Herzstück Europäischer Binnenmarkt

Bundesministerin Schramböck zufolge ist es essenziell, die Transportfähigkeit auf Basis eines freien Güterflusses aufrechtzuerhalten, und sie kritisierte in diesem Zusammenhang das ausgerufene Exportverbot von Deutschland und Frankreich, das im Widerspruch zur Binnenmarktregelung steht. Auch wenn im Zuge einer Krise die Grenzen hochgefahren werden, müsse der Binnenmarkt als Kernelement der Europäischen Union aufrechterhalten bleiben. Rebecca Guntern ortete darüber hinaus im Bereich der Datensammlung Optimierungsbedarf. Es sei nicht leicht gewesen, relevante Daten zu erhalten, um diese möglichst rasch für medizinische Zwecke und weitere strategische Überlegungen nutzen zu können. Die Länder müssen sich überlegen, was ihnen strategisch wichtig erscheint, was sie konkret unter Versorgungssicherheit verstehen und welchen Anteil Europa in Eigenproduktionen investieren soll. Rudolf Anschober betonte die Notwendigkeit, jene Bereiche klar zu skizzieren, auf die man sich fokussieren will, was auch Margarete Schramböck unterstrich: Es brauche jetzt den Dialog zwischen Politik und Industrie sowie ein klares Verständnis darüber, wie hoch unser Sicherheitsbedürfnis in den jeweiligen Bereichen ist. Hierbei sei es auch wichtig, Prüfstellen und damit Kompetenz als Teil der Absicherung in Österreich zu halten. Diese und weitere Punkte müssen dringend im Zuge der bevorstehenden deutschen EU-Ratspräsidentschaft behandelt werden. Auch Michael Kocher appellierte an alle teilnehmenden Länder, innerhalb der nächsten sechs Monate zu klaren entscheidenden Ergebnissen zu kommen. Insgesamt beurteilt Kocher die Kooperation der Industrie mit der Politik zwar positiv, die Koordination auf EU-Ebene würde sich jedoch als sehr komplex und langsam erweisen, sodass er die Gefahr sieht, dass noch mehr Produktion im Gesundheitsbereich nach Asien abwandert.

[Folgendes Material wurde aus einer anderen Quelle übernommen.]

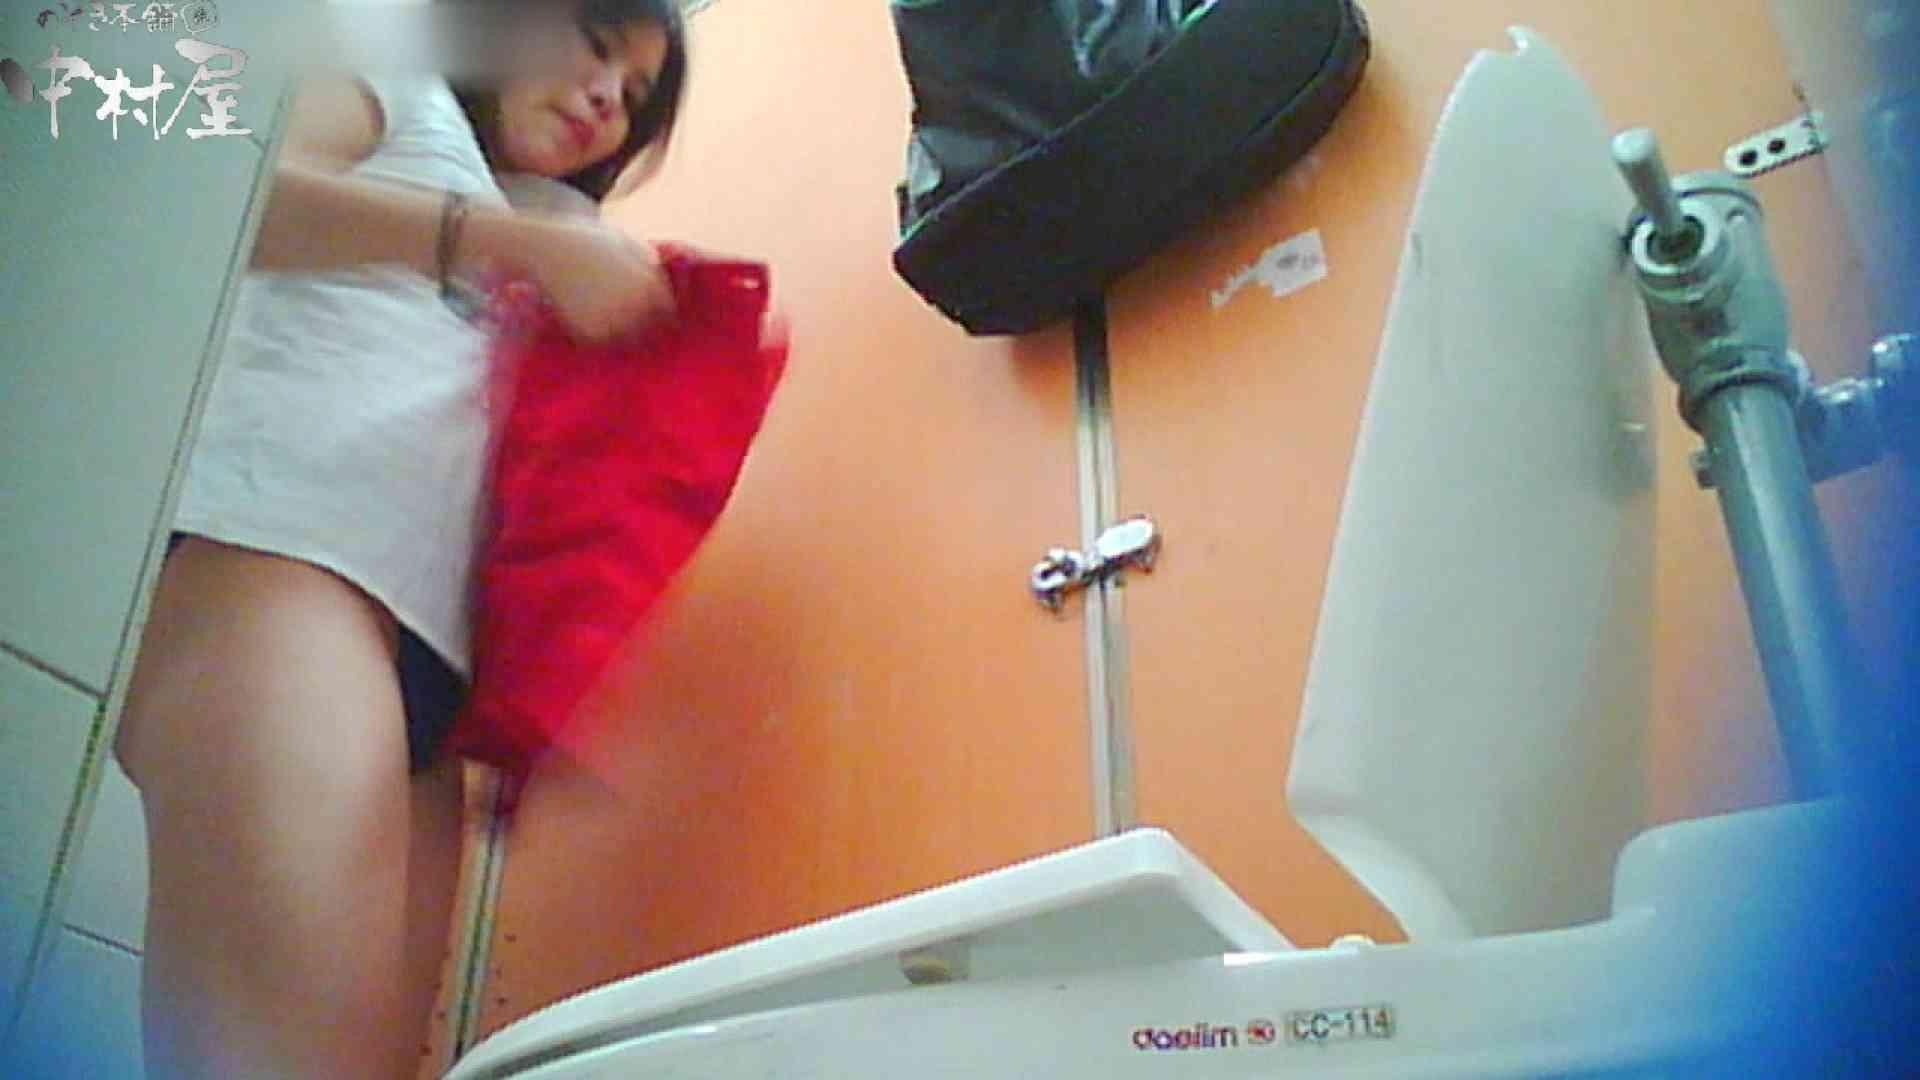 韓流トイレ盗撮vol.14 盗撮シリーズ 盗撮動画紹介 97PIX 77

Europa muss sich auf essen­zielle Arzneimittel fokussieren, wie Antibiotika oder notwendige Medikamente in der Inten­sivmedizin.

Positive Signale

Grundsätzlich sind die Stimmen aus Europa im Hinblick auf die Bereitschaft zur Teamarbeit sehr positiv. Die Expertinnen und Experten orten eine große Aufgeschlossenheit für weitere gemeinsame Schritte. Corona hat das globale Bewusstsein geschaffen, das es jetzt braucht, um gemeinsam mit der neuen EU-Kommission ins Handeln zu kommen, einfache Regelungen zu definieren und die Chance zu ergreifen, koordinierte Lösungen zu erarbeiten. Fazit: Essenziell ist neben der Durchbrechung negativer Preisspiralen die Kombination aus dem Schulterschluss zwischen Industrie und Politik sowie der Sicherstellung eines transparenten und patientenorientierten Zugangs zu innovativen Therapien für alle. Derzeit besteht noch keine Ausgewogenheit zwischen Investitionen und dem Zugang für Patientinnen und Patienten. Wenn ein Arzneimittel direkt in Österreich entwickelt wird, sich der Zugang für heimische Patientinnen und Patienten aber schwieriger erweist als in anderen EU-Ländern, zeigt sich eine Disbalance, die es zu beheben gilt.